B. Mitchel Reed (June 10, 1926 – March 16, 1983) was a successful and popular American disc jockey on both Top 40 and album-oriented rock radio stations, working in New York and Los Angeles during his 25-year career.

The incorrect alternate spelling as B. Mitchell Reed is often used in The Los Angeles Times and elsewhere.

==Career==
Born Burton Mitchel Goldberg in New York, New York, Reed held a B.S. degree in journalism and an M.A. in political science at the University of Illinois. After serving in the U.S. Air Force, he entered the world of radio while teaching political science at his alma mater.

Reed hosted the all-night Birdland Jazz Show at WOV (AM) in New York in 1956. A year later, he landed a job at AM station KFWB in Los Angeles, playing jazz and calling himself "The Boy on the Couch." On January 2, 1958, KFWB became a pioneering Top 40 station known as "Color Radio/Channel 98," and the DJs were known as "The Seven Swinging Gentlemen." The lineup included Bruce Hayes, Al Jarvis, Joe Yocam, Elliot Field, Bill Ballance, Ted Quillin, and Gene Weed. Reed held the 6-9 P.M. time slot. Under Program Director Chuck Blore, KFWB became the number-one radio station in LA.

He was known as "The Fastest Tongue in the West," for the speed in which he spoke to his audience.
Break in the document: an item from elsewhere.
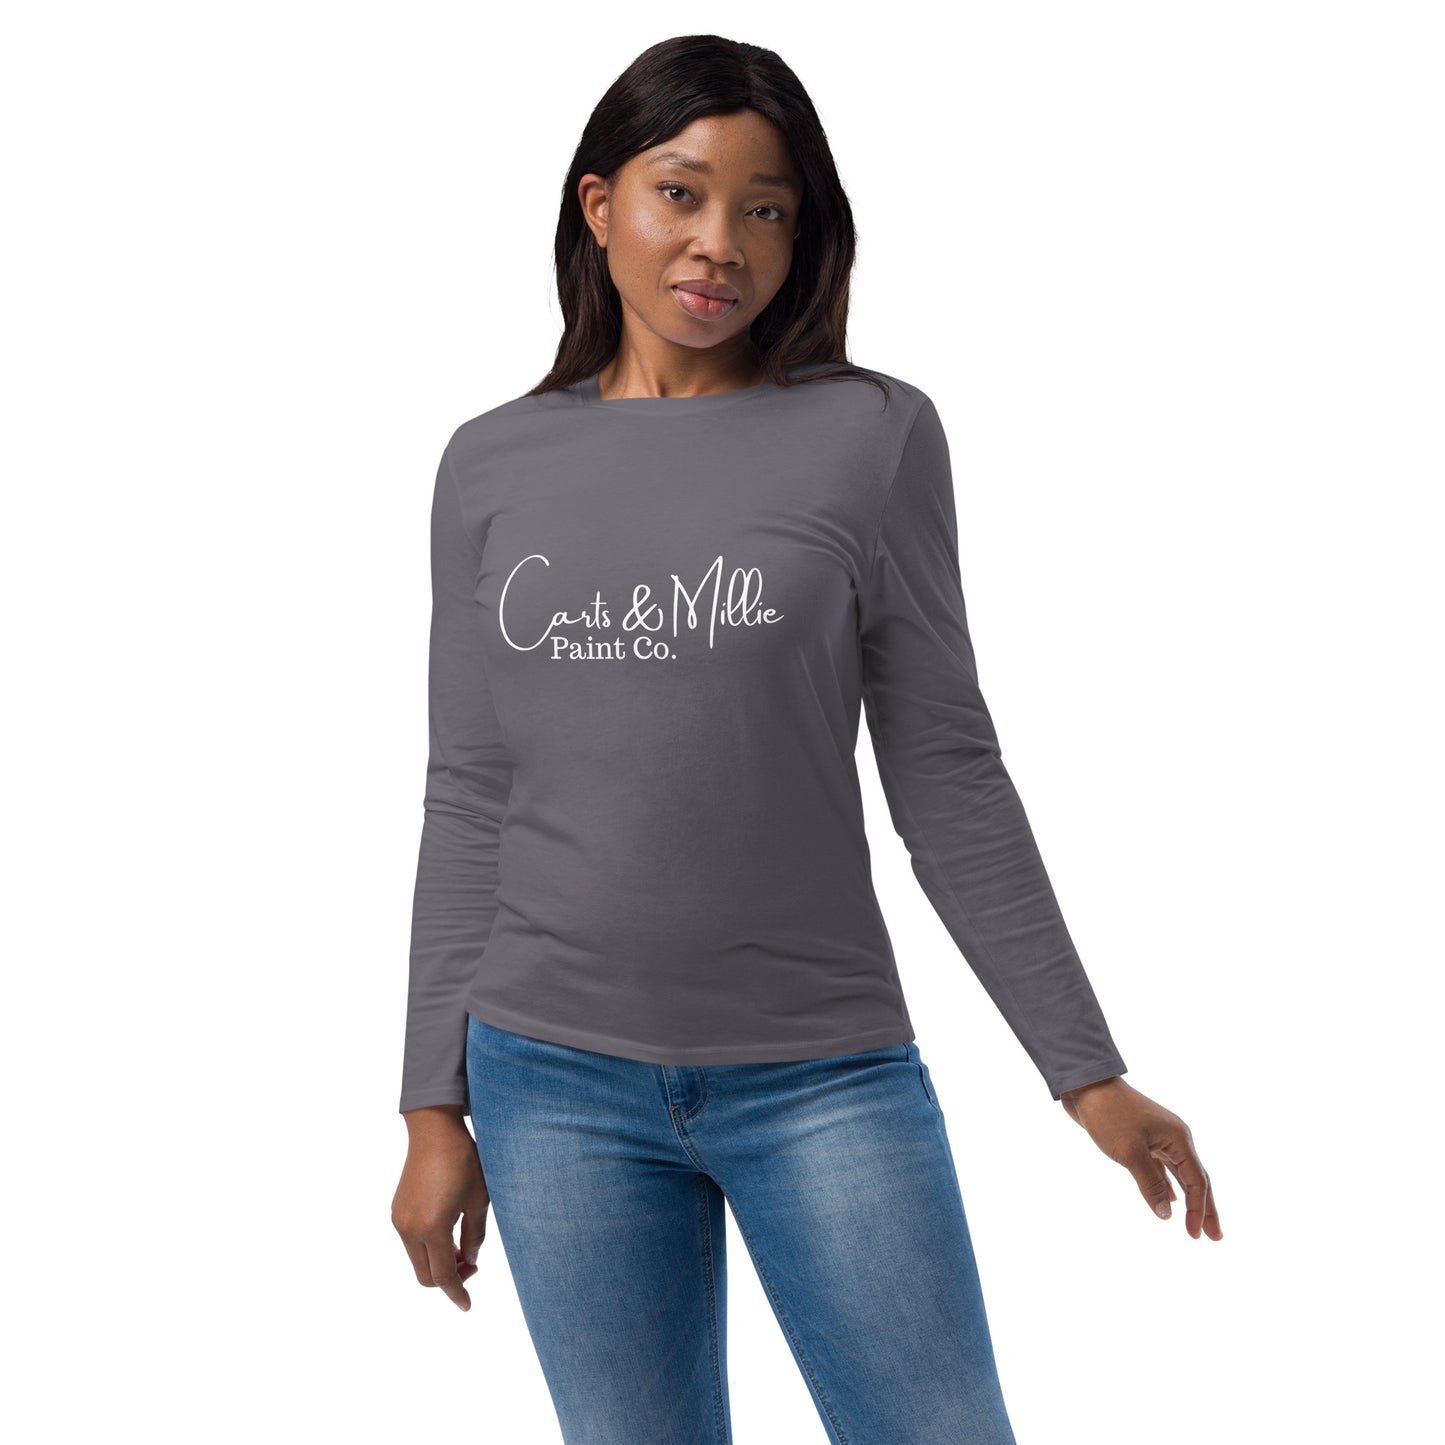 Carts & Millie Paint Co. Unisex fashion long sleeve shirt

He left KFWB for WMCA in his home state of New York on February 7, 1963. He soon became part of a team of disc jockeys known as "The Good Guys," among them Jack Spector, a fellow alum from Boys High School in Brooklyn who had graduated two years ahead of him.

Reed went to London, England in pursuit of a band making headlines in hopes of breaking them in New York. The band was none other than The Beatles. His persistence paid off as it led to advance record pressings and exclusive interviews. This helped usher in "Beatlemania" in early 1964.
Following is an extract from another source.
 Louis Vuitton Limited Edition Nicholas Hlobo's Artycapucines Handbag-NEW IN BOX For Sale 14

By 1965, Reed decided to return to Los Angeles. His last show at WMCA was on March 20 of that year. Thousands of his fans cheered him at the airport upon his departure. Many fans who were thrilled of his return greeted him when he arrived in LA. This ushered in his second stint at KFWB and The Wide Wide Weird World of BMR.

After attending the Monterey Pop Festival in the Summer of Love, June 1967, Reed realized he wanted to go in another direction music-wise. He met with San Francisco-based DJ Tom Donahue over the frustrations of AM radio's music restrictions. Donahue was Program Director for the FM "underground radio" station, KMPX (FM). With no such similar music station in L.A., Reed left KFWB and, with Donahue, founded the new progressive rock (radio format), or "underground radio", at KPPC-FM in Pasadena. In March of 1968, with the release of her debut album, singer-songwriter Joni Mitchell performed on Reed's show. As Barney Hoskyns wrote in Hotel California, "So much did Reed talk her up that her first live dates in town were all sellouts at the Troubadour." Both KMPX and KPPC achieved more success than anticipated due to the popularity of this new AOR (album-oriented rock) programming, which was in defiant opposition to the then current Top 40 AM radio format and its limitations. However, both stations ran into a conflict with their respective owners, thus resulting in a DJ strike, ("strike action"). After the strike ended in June 1968, Donahue persuaded station owner Metromedia to take on the AOR format at KMET (FM)-Los Angeles. In 1968, Reed programmed what would become one of the first 24-hour automated music stations. It would go live in the summer of 1969. He left KMET for one year in 1971 to work at KRLA. He returned to KMET in 1972 where he worked until 1978. Reed then went to work at KLOS from 1979 until 1982. KMET (the "Mighty Met") had a nearly 20-year run as one of L.A.'s top album rock outlets ultimately losing its decades-long ratings war with its cross-town FM rival, KLOS.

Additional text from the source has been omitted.